In Chipinge, the government has been trying to evict villagers in Chinyamukwakwa and Magokova for Green Fuel to expand its sugarcane fields, while in several parts of the country, including neighbouring Chiredzi, the authorities want to evict villagers to enable milk processor Dendairy to establish a lucerne grass project, although the villagers believe they are being evicted to pave way for mining.
In several other parts of the country, including Mutoko, Hwange, Matobo and Uzumba, villagers are being evicted to pave way for mining, sparking outrage.
“We, the rural women of Chipinge, present these demands . . . an immediate stop on forced removals of locals living on customary land especially women and children by the Chipinge Rural District Council. “An immediate stop on forced removals of locals living on customary land especially women and children for sugar plantations by Green Fuel.
“That discovery of gold and diamond minerals must not lead to arbitrary eviction of land rights holders by ALROSA mining companies.”
The women demanded that land allocation prioritise locals, especially women, rather than foreigners and that men and women must enjoy the same land rights. “Women must have a clear right to say yes or no to developments on their land,” the women said.
They also demanded an immediate stop in the use of force and violence by investors which includes slashing down crops, confiscating livestock and beating up residents.
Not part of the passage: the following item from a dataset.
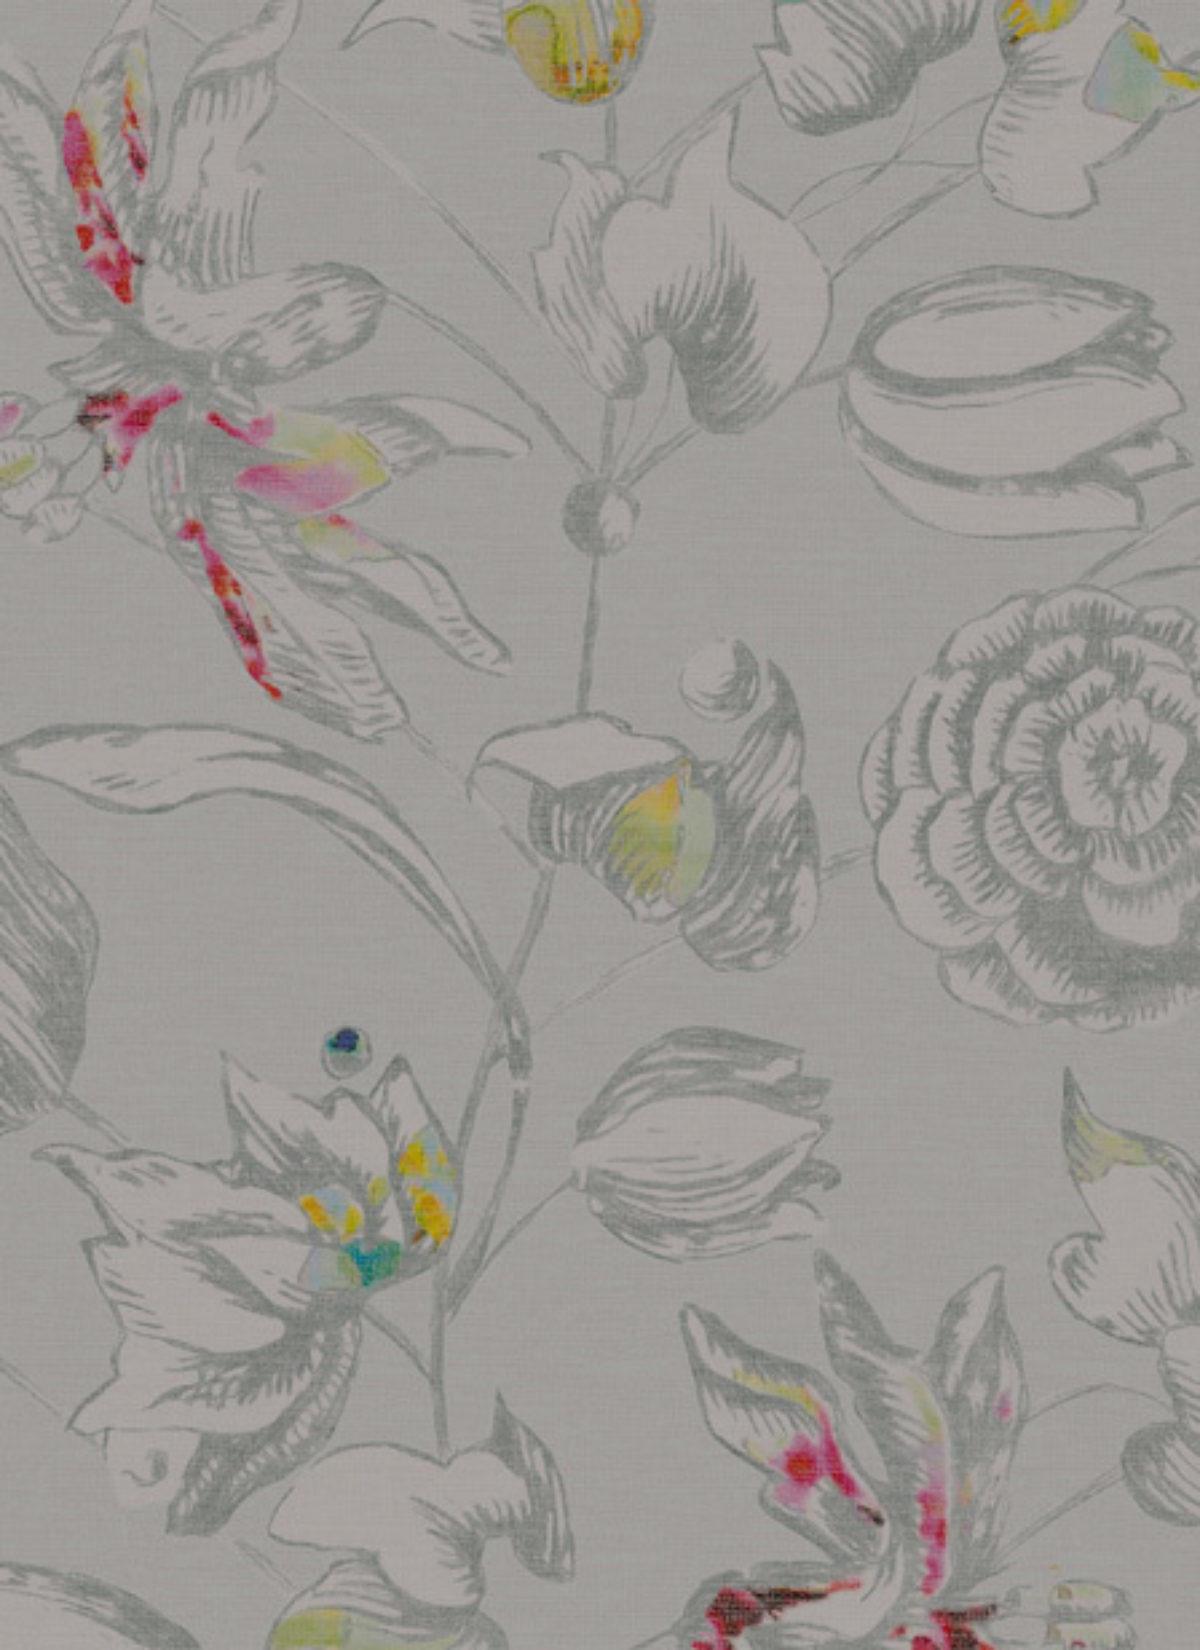 Kendix gordijnen in between vitrage stoffen collectie 0118110090 delft 90 large

They demanded an end to corruption, bribery and undue influence during investor consultation with local leaders like traditional chiefs.
The women want a review of investment policies that promote “land grabbing” at the expense of the needs of local farmers, as well as a reduction of land prices. In the event that they agree to eviction, the women demand “fair compensation that includes alternative productive land and adequate time for relocation” and that the “compensation must include women and children and not prioritise just men”.
Women in Chipinge also want investors to fulfil promises such as employment of locals. They also want to have a say in traditional leaders’ committees through inclusion of women traditional leaders and 50-50 participation.
They also want “laws that promote joint and equal ownership of land between husband and wife or wives”, as well as “clarity on the land rights that are associated with the joint ownership for all family members, including the girl child and single ladies with or without children.”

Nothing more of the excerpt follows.